--- START ---

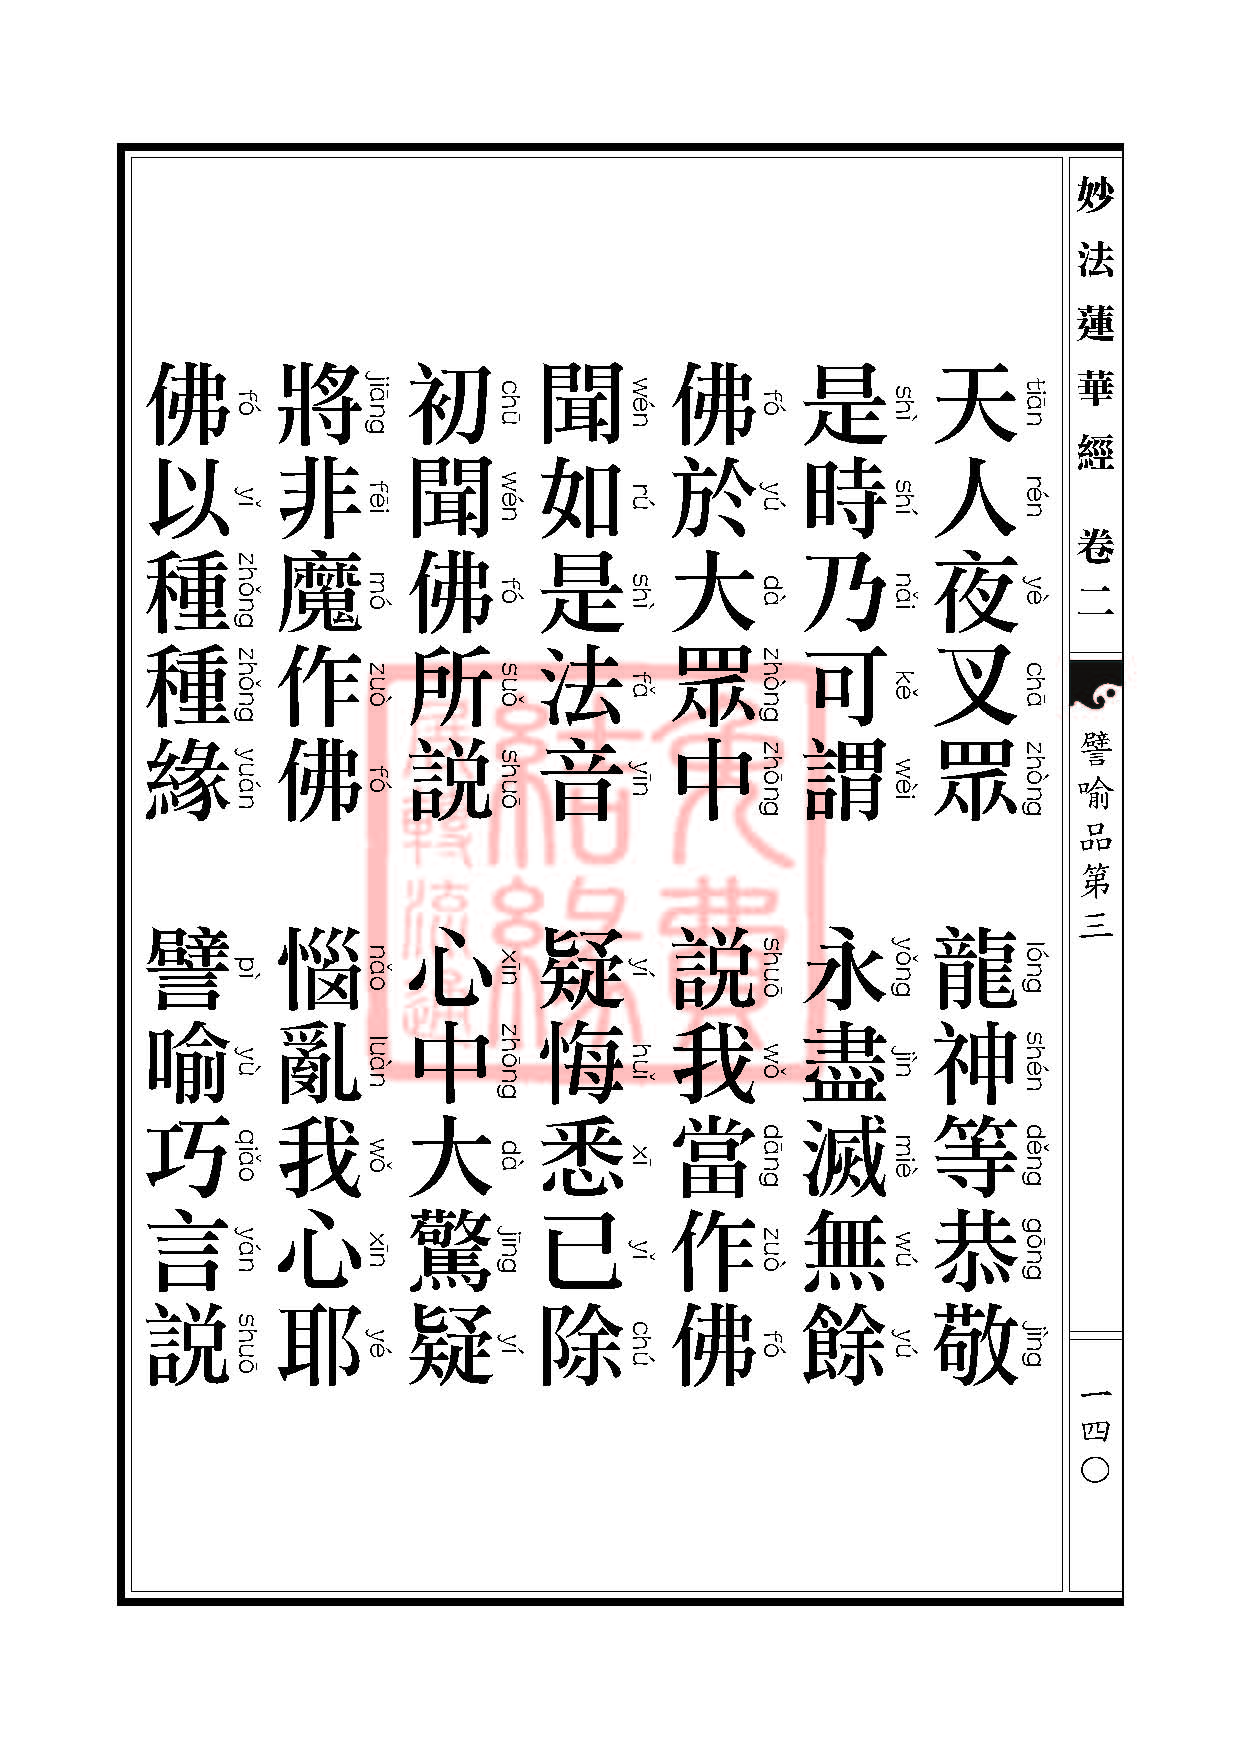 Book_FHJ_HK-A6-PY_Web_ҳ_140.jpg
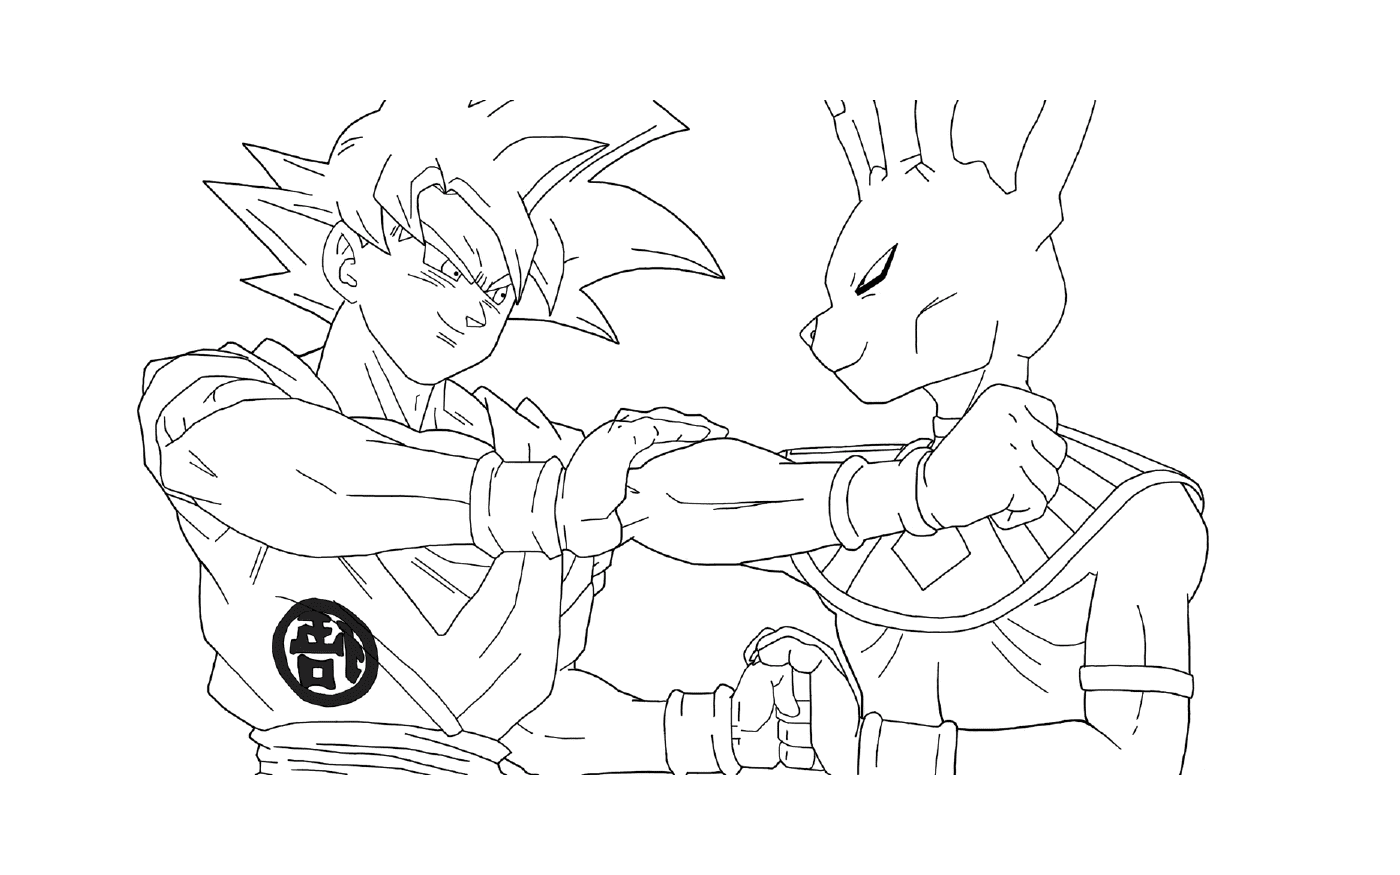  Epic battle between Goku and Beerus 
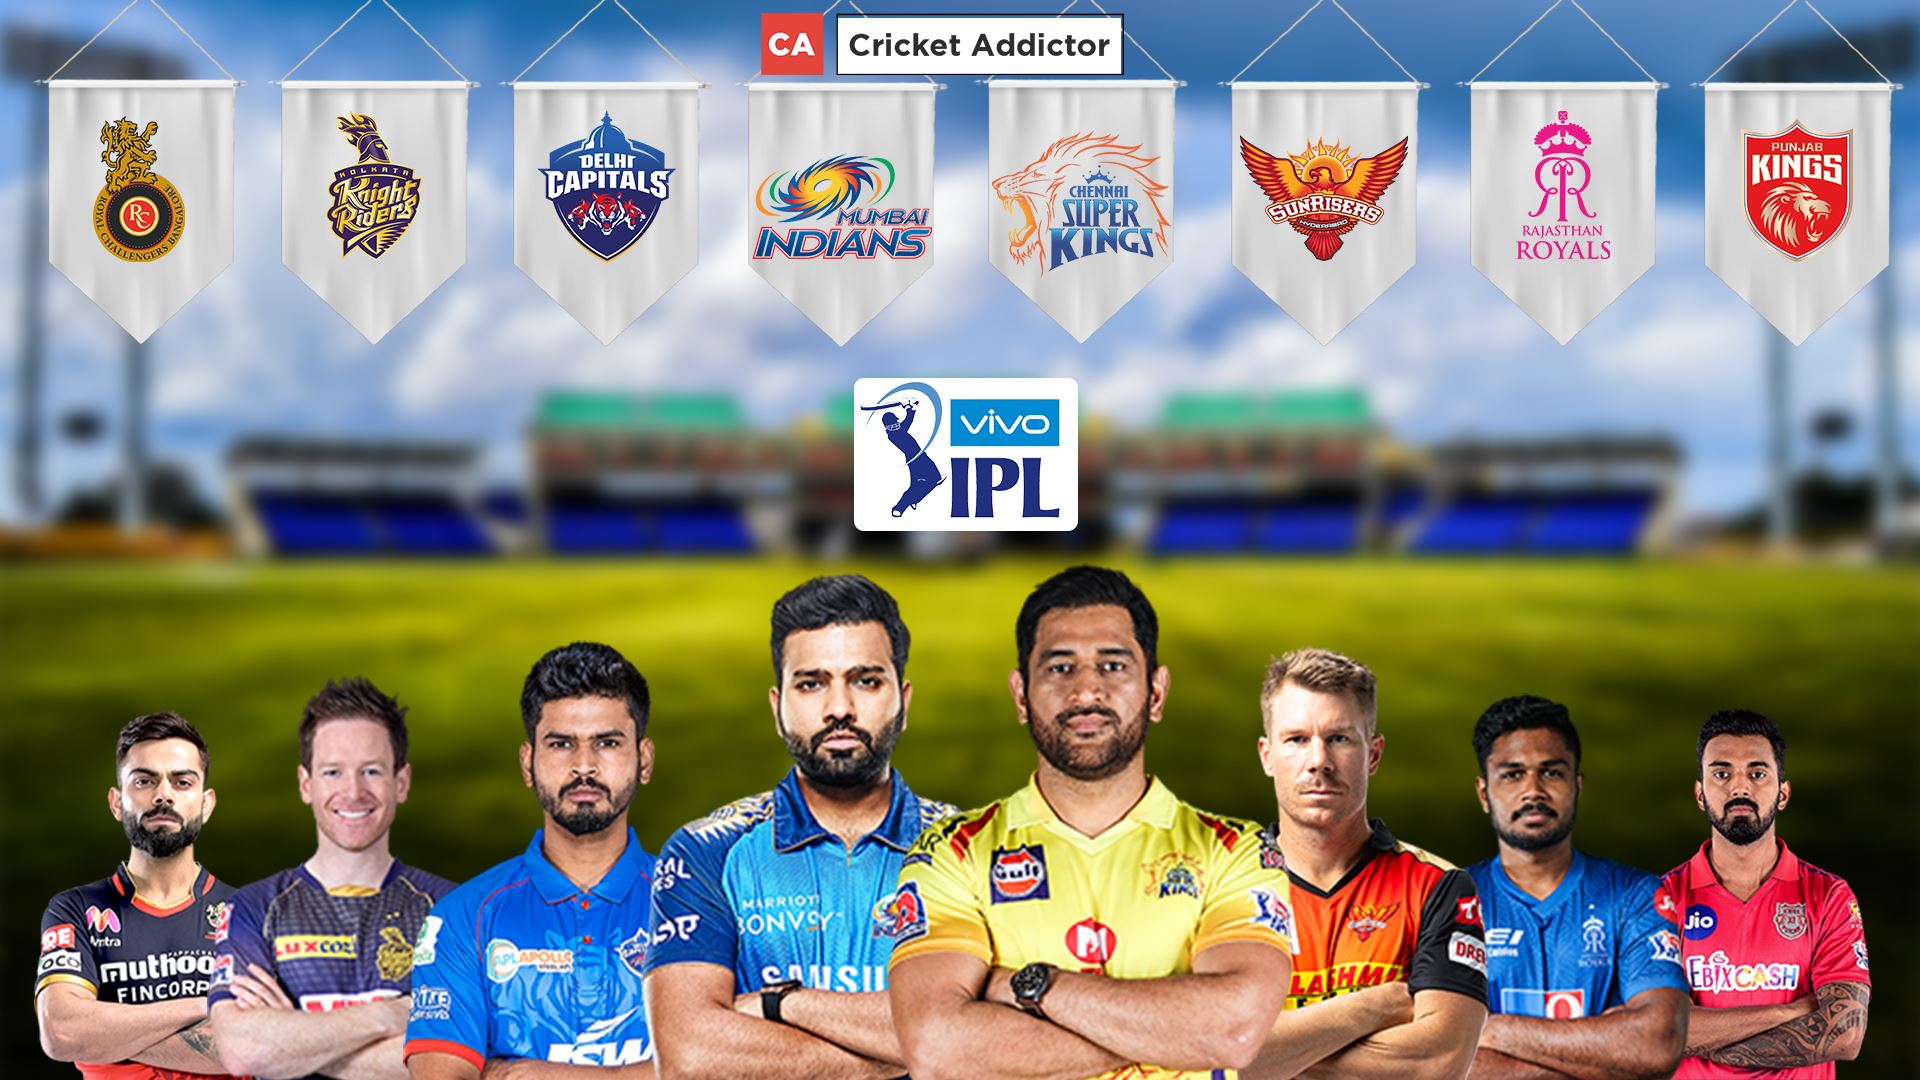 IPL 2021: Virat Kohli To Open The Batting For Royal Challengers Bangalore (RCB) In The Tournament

--- END ---

▶ PROBLEM TO WORK ON
Reproduce the listing verbatim, and keep the pictures out of the copy.

▶ ANSWER
 Book_FHJ_HK-A6-PY_Web_ҳ_140.jpg
  Epic battle between Goku and Beerus 
 IPL 2021: Virat Kohli To Open The Batting For Royal Challengers Bangalore (RCB) In The Tournament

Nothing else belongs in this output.